**INSTRUCTIONS TO FOLLOW:** Please repeat the data in full, character for character.

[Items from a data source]
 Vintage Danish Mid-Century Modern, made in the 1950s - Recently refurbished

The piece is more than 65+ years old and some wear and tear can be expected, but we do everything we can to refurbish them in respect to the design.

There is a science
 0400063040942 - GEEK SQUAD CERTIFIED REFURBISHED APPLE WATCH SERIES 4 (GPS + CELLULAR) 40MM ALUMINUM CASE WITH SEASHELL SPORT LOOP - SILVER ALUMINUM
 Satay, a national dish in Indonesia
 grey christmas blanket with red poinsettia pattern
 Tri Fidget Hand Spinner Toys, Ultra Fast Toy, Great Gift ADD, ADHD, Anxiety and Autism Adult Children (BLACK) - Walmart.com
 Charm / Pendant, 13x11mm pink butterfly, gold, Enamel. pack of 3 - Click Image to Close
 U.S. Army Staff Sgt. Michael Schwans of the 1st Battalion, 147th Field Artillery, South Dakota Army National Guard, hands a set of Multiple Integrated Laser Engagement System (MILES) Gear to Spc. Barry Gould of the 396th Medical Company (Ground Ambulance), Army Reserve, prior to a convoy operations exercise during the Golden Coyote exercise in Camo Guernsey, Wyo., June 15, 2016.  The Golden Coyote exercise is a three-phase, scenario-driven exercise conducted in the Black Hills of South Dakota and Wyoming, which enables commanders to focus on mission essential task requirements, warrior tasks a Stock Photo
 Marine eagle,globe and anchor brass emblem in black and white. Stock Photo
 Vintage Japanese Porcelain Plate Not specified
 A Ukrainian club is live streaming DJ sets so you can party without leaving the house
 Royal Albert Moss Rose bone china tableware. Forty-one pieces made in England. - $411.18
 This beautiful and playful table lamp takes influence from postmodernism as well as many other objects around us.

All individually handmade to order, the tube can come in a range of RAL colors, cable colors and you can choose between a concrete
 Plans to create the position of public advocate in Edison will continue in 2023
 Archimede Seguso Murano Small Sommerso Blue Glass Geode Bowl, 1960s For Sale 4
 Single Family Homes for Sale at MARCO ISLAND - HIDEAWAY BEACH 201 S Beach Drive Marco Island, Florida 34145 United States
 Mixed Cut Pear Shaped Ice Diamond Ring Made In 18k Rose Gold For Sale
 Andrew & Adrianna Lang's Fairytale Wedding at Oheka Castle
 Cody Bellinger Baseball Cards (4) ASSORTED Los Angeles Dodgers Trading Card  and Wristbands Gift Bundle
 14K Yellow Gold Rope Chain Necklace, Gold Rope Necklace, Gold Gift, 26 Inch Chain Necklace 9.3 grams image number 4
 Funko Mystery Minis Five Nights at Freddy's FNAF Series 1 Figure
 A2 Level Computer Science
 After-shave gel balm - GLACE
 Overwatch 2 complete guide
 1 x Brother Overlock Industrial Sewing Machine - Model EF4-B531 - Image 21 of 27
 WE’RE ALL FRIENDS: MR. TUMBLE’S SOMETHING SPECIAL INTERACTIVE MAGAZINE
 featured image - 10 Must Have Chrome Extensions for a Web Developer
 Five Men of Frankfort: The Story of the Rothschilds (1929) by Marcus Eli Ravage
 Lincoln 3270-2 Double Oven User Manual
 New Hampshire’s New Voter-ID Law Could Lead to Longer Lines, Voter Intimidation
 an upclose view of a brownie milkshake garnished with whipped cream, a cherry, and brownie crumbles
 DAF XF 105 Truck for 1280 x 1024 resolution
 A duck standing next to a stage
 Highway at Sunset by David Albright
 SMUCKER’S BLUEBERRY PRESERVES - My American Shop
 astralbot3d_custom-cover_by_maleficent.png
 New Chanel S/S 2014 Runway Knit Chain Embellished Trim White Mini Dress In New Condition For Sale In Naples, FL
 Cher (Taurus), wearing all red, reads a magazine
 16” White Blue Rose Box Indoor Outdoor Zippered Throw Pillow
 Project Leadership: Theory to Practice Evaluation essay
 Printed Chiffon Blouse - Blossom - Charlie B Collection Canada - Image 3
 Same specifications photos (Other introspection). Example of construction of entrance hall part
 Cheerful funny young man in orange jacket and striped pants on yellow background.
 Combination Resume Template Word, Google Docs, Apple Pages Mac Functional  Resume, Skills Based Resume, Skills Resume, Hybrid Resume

**COMPLETED TASK:**
 Vintage Danish Mid-Century Modern, made in the 1950s - Recently refurbished

The piece is more than 65+ years old and some wear and tear can be expected, but we do everything we can to refurbish them in respect to the design.

There is a science
 0400063040942 - GEEK SQUAD CERTIFIED REFURBISHED APPLE WATCH SERIES 4 (GPS + CELLULAR) 40MM ALUMINUM CASE WITH SEASHELL SPORT LOOP - SILVER ALUMINUM
 Satay, a national dish in Indonesia
 grey christmas blanket with red poinsettia pattern
 Tri Fidget Hand Spinner Toys, Ultra Fast Toy, Great Gift ADD, ADHD, Anxiety and Autism Adult Children (BLACK) - Walmart.com
 Charm / Pendant, 13x11mm pink butterfly, gold, Enamel. pack of 3 - Click Image to Close
 U.S. Army Staff Sgt. Michael Schwans of the 1st Battalion, 147th Field Artillery, South Dakota Army National Guard, hands a set of Multiple Integrated Laser Engagement System (MILES) Gear to Spc. Barry Gould of the 396th Medical Company (Ground Ambulance), Army Reserve, prior to a convoy operations exercise during the Golden Coyote exercise in Camo Guernsey, Wyo., June 15, 2016.  The Golden Coyote exercise is a three-phase, scenario-driven exercise conducted in the Black Hills of South Dakota and Wyoming, which enables commanders to focus on mission essential task requirements, warrior tasks a Stock Photo
 Marine eagle,globe and anchor brass emblem in black and white. Stock Photo
 Vintage Japanese Porcelain Plate Not specified
 A Ukrainian club is live streaming DJ sets so you can party without leaving the house
 Royal Albert Moss Rose bone china tableware. Forty-one pieces made in England. - $411.18
 This beautiful and playful table lamp takes influence from postmodernism as well as many other objects around us.

All individually handmade to order, the tube can come in a range of RAL colors, cable colors and you can choose between a concrete
 Plans to create the position of public advocate in Edison will continue in 2023
 Archimede Seguso Murano Small Sommerso Blue Glass Geode Bowl, 1960s For Sale 4
 Single Family Homes for Sale at MARCO ISLAND - HIDEAWAY BEACH 201 S Beach Drive Marco Island, Florida 34145 United States
 Mixed Cut Pear Shaped Ice Diamond Ring Made In 18k Rose Gold For Sale
 Andrew & Adrianna Lang's Fairytale Wedding at Oheka Castle
 Cody Bellinger Baseball Cards (4) ASSORTED Los Angeles Dodgers Trading Card  and Wristbands Gift Bundle
 14K Yellow Gold Rope Chain Necklace, Gold Rope Necklace, Gold Gift, 26 Inch Chain Necklace 9.3 grams image number 4
 Funko Mystery Minis Five Nights at Freddy's FNAF Series 1 Figure
 A2 Level Computer Science
 After-shave gel balm - GLACE
 Overwatch 2 complete guide
 1 x Brother Overlock Industrial Sewing Machine - Model EF4-B531 - Image 21 of 27
 WE’RE ALL FRIENDS: MR. TUMBLE’S SOMETHING SPECIAL INTERACTIVE MAGAZINE
 featured image - 10 Must Have Chrome Extensions for a Web Developer
 Five Men of Frankfort: The Story of the Rothschilds (1929) by Marcus Eli Ravage
 Lincoln 3270-2 Double Oven User Manual
 New Hampshire’s New Voter-ID Law Could Lead to Longer Lines, Voter Intimidation
 an upclose view of a brownie milkshake garnished with whipped cream, a cherry, and brownie crumbles
 DAF XF 105 Truck for 1280 x 1024 resolution
 A duck standing next to a stage
 Highway at Sunset by David Albright
 SMUCKER’S BLUEBERRY PRESERVES - My American Shop
 astralbot3d_custom-cover_by_maleficent.png
 New Chanel S/S 2014 Runway Knit Chain Embellished Trim White Mini Dress In New Condition For Sale In Naples, FL
 Cher (Taurus), wearing all red, reads a magazine
 16” White Blue Rose Box Indoor Outdoor Zippered Throw Pillow
 Project Leadership: Theory to Practice Evaluation essay
 Printed Chiffon Blouse - Blossom - Charlie B Collection Canada - Image 3
 Same specifications photos (Other introspection). Example of construction of entrance hall part
 Cheerful funny young man in orange jacket and striped pants on yellow background.
 Combination Resume Template Word, Google Docs, Apple Pages Mac Functional  Resume, Skills Based Resume, Skills Resume, Hybrid Resume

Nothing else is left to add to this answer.